Dans la nuit du 26 au 27 novembre 2010, nous avons
effectué une polygraphie de contrôle sous prothèse
d'avancement mandibulaire afin de s'assurer de l'efficacité
de ce dispositif. On observe alors une diminution de plus de
50 % du nombre d'apnées-hypopnées avec un index qui
passe de 26.8/h à 13.3/h actuellement sous traitement.
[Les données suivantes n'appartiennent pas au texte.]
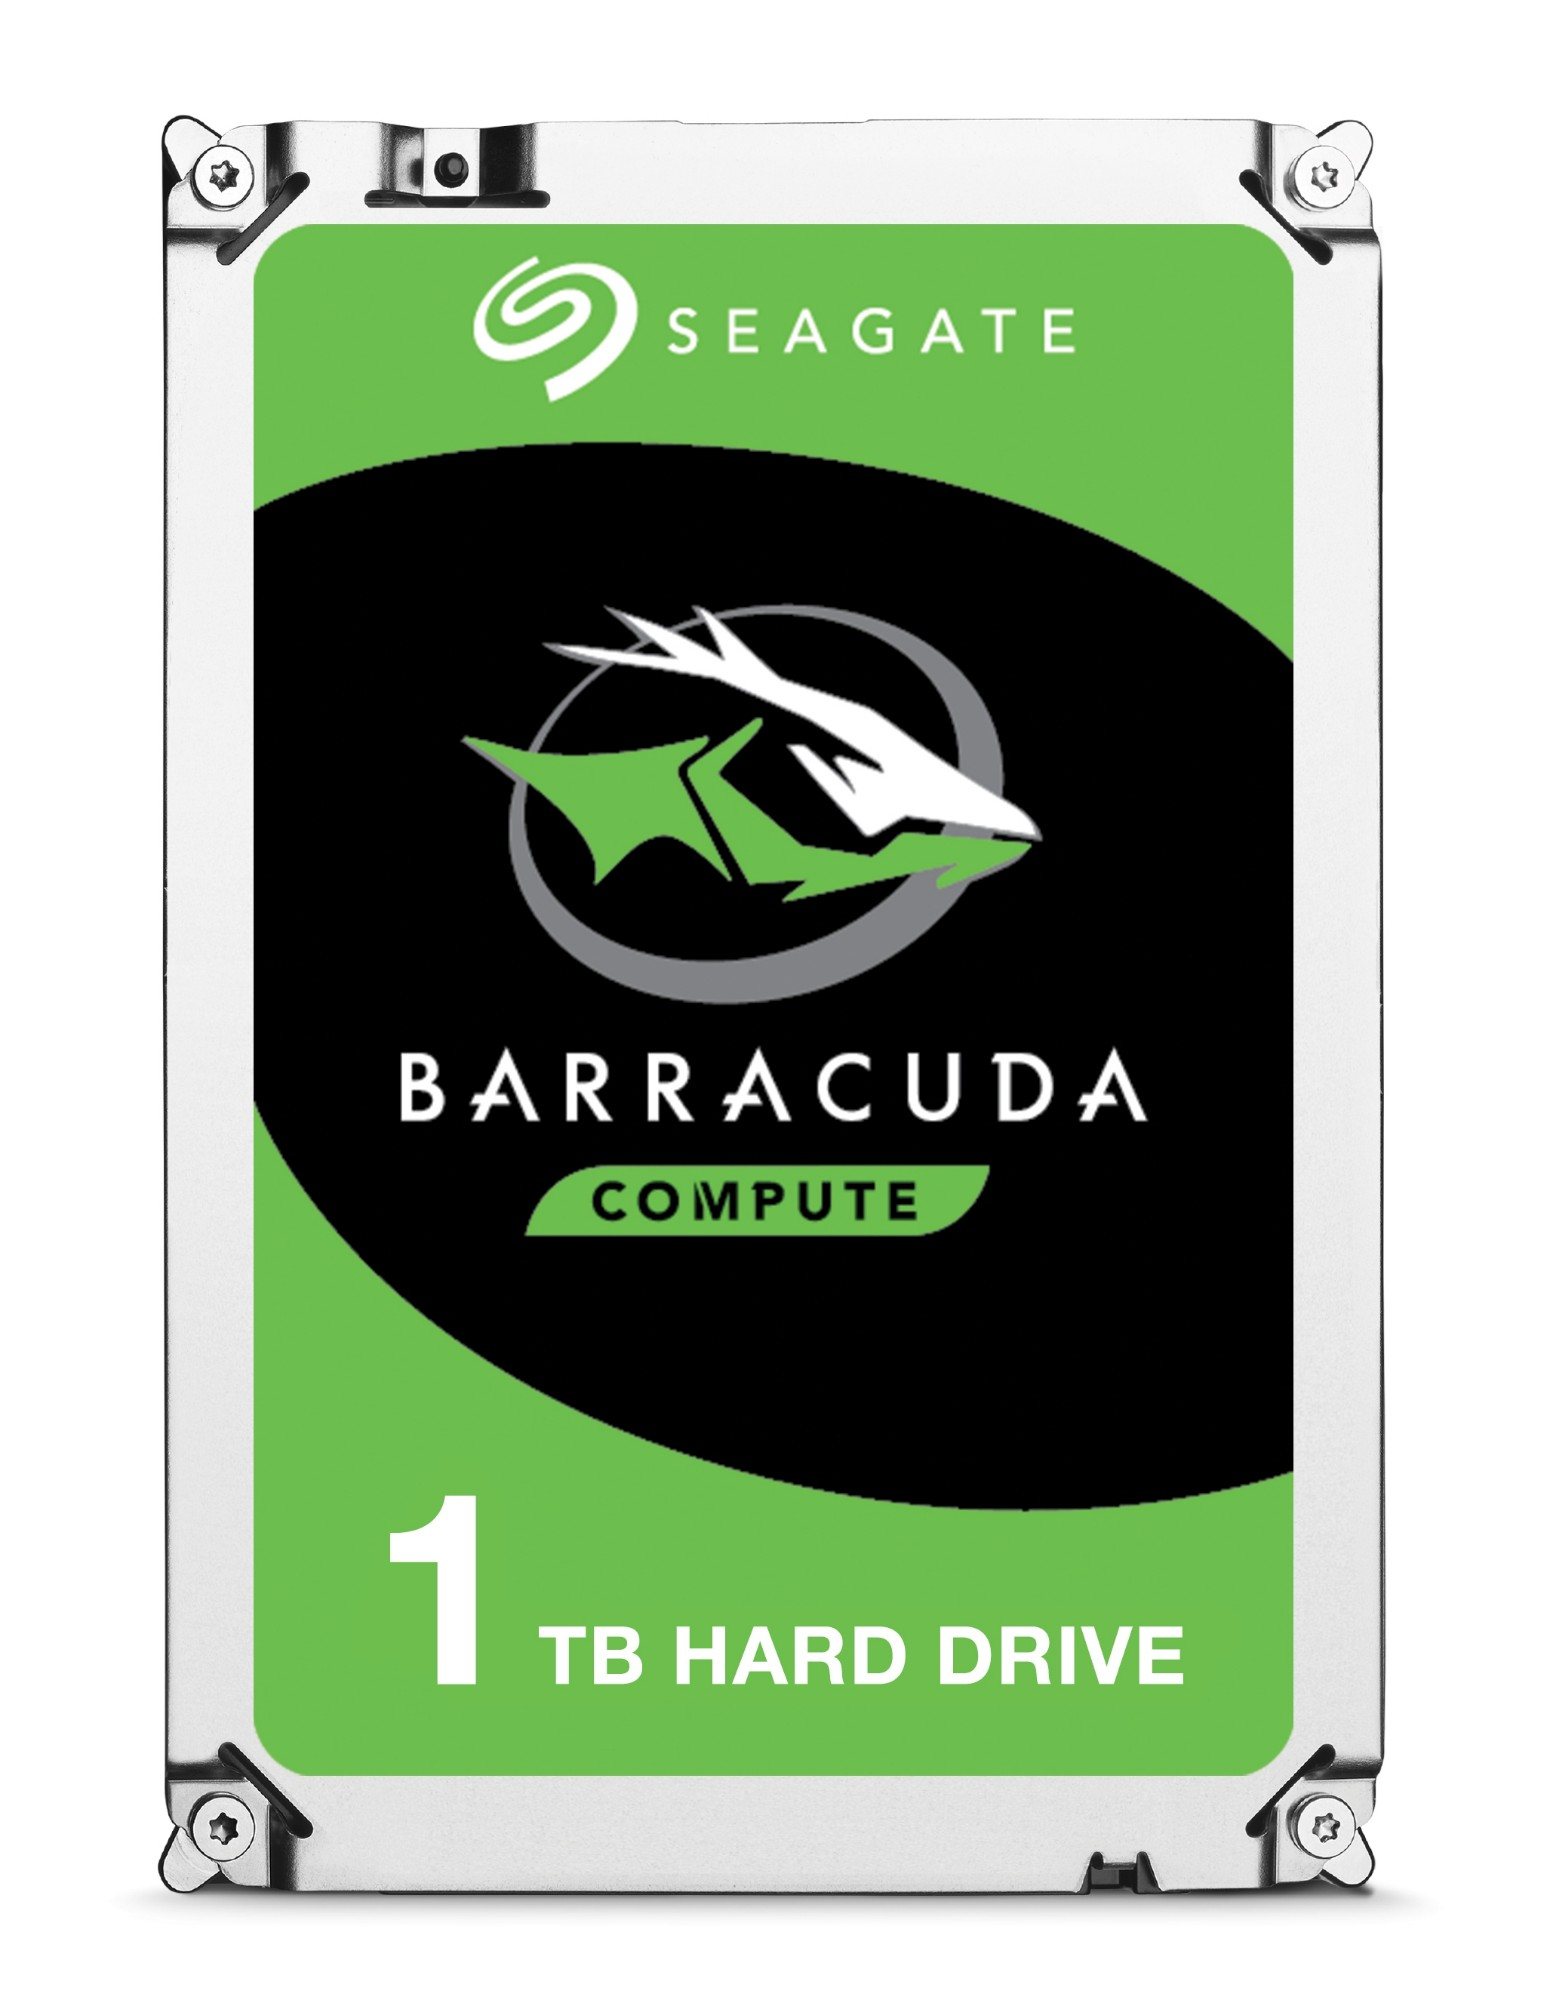 1TB Seagate Barracuda ST1000DM010 Hard Drive

Vu
ce résultat très encourageant, nous avons convenu que vous
adapteriez votre prothèse d'avancement mandibulaire afin
qu'elle permette une protusion mandibulaire plus importante
dans le but de diminuer encore davantage les apnées-
hypopnées résiduelles".
b) Le 3 mars 2011, la Caisse a rendu une décision formelle
refusant la prise en charge demandée, considérant notamment ce qui
suit :
"A ce propos, nous devons vous informer que le Tribunal
fédéral des assurances s'est prononcé dans une situation
analogue le 22 juillet 2004. Il a jugé que ce matériel n'avait
pas à être financé par l'assurance obligatoire des soins, du
fait de son absence de la liste exhaustive des moyens
auxiliaires et appareils (LiMA), partie intégrante de la LAMal.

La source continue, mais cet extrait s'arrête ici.